There’s weirdly little info out there about what exactly the office is and what it will do under Geithner’s leadership. The Treasury website says nothing about it.
Apparently it’s headed by William A. (Billy) Pizer, who was most recently with Resources for the Future and was a participant in the IPCC. Googling around turns up a few other names. Judson Jaffe is involved; he used to be on the President’s Council of Economic Advisers, then worked for the Analysis Group. He’s a frequent co-author with noted environmental economist Robert Stavins. RFF’s Daniel Hall will also be joining the office (his post is what tipped me off to its existence). A couple more folks — Andrew Velthaus and Beth Urbanas — turn up, though the internets yield little info on them beyond Facebook.

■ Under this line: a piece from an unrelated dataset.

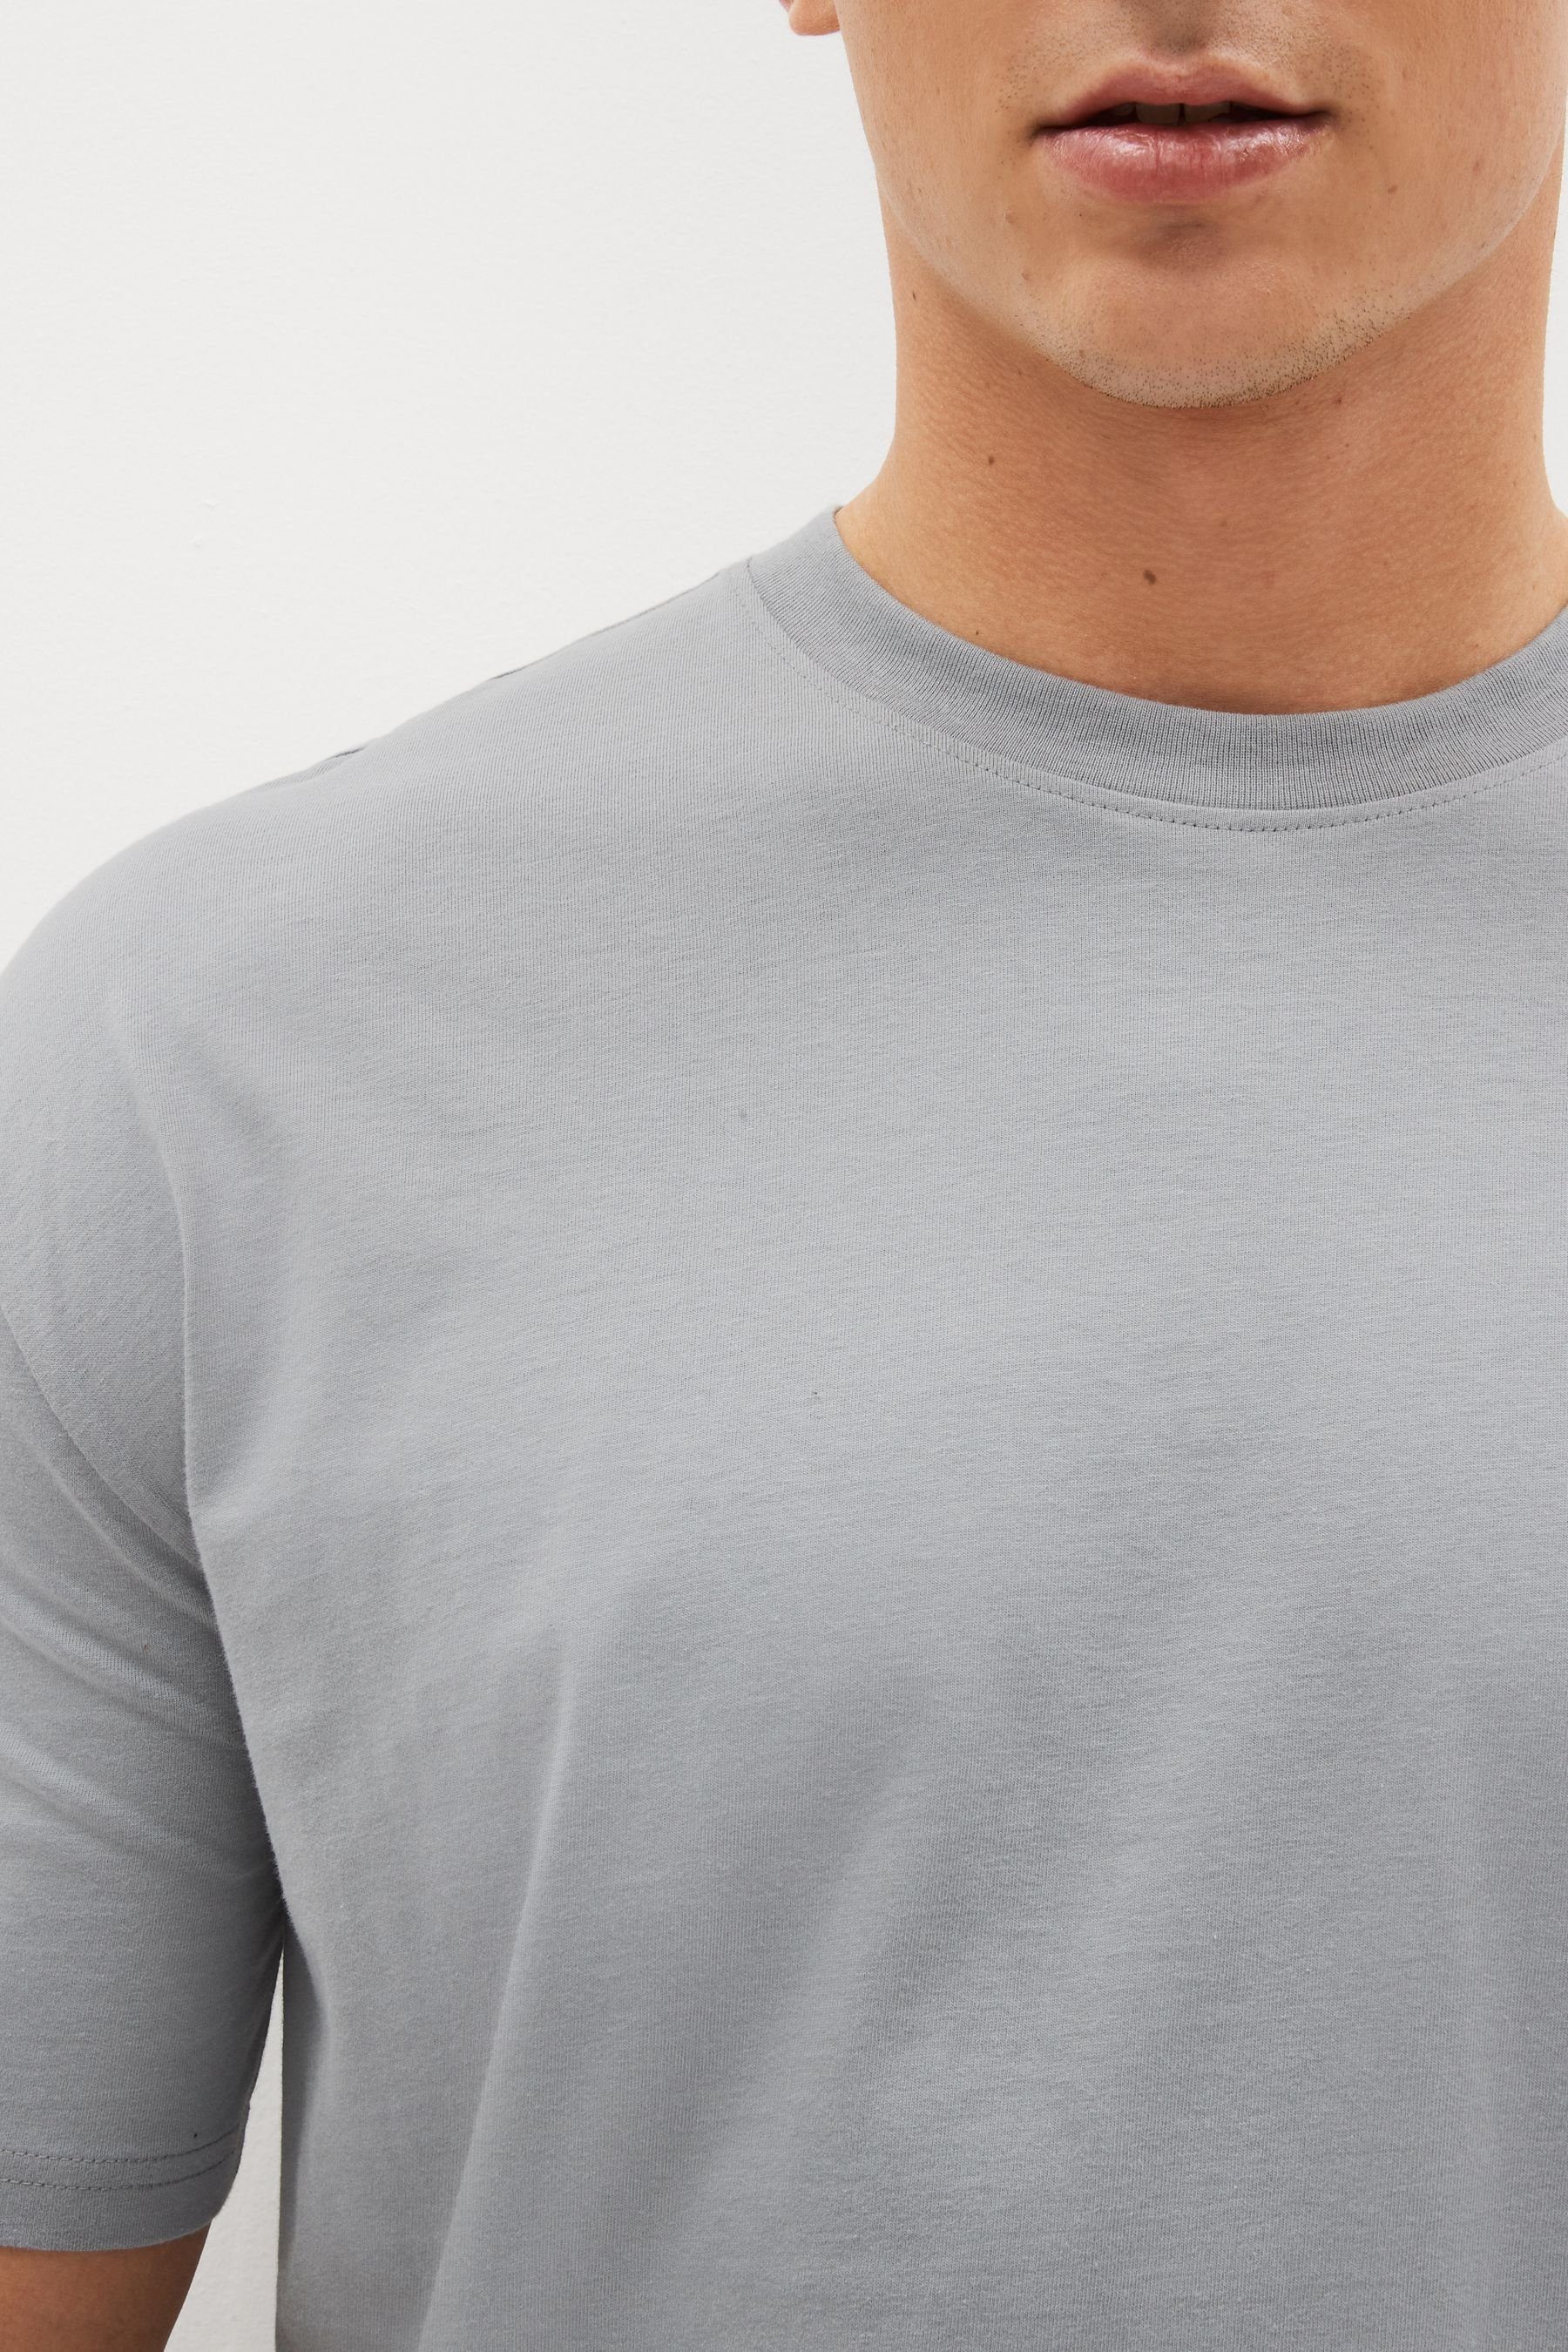 Grey Relaxed Rundhals-T-Shirt (1-tlg) im Fit Next T-Shirt Silver

I’m certainly not qualified to pass judgment on any of these folks individually, and without more info it’s hard to say much about what the office itself will do. So I speak here as a blogger — that is, popping off with insufficient information. But I’ll be honest about my gut reaction: as anyone who read this post knows, I view the president’s economic team generally, and his Treasury team specifically, as a net negative influence on climate/energy policy. Unlike some of the people elsewhere in the administration, these folks come straight out of mainstream economics, and bring all that discipline’s biases to bear. Mainstream economists tend to understate the cost of inaction, overstate the cost of action, rely too heavily on models that account poorly for efficiency and innovation, and possess an aversion to command-and-control regulation and public investment that discounts the success such approaches have had in the past. Obviously you don’t want to make climate/energy policy divorced from the counsel of economists, but I’d prefer they not be in charge — I’d rather it be run by people who are smart about technology, business, efficiency, politics, or some combination thereof.
I worry that if Treasury is closely involved in domestic climate/energy policy, those biases will heavily shape the outcome and yield far less ambition than is needed. Perhaps Pizer and his office will push Geithner and Summers in a positive direction. Or perhaps they’ll simply be a bureaucratic arm through which Geithner and Summers push their preferences.
Perhaps — and here I’m getting really crazy — I should learn something about this office before making any further pronouncements!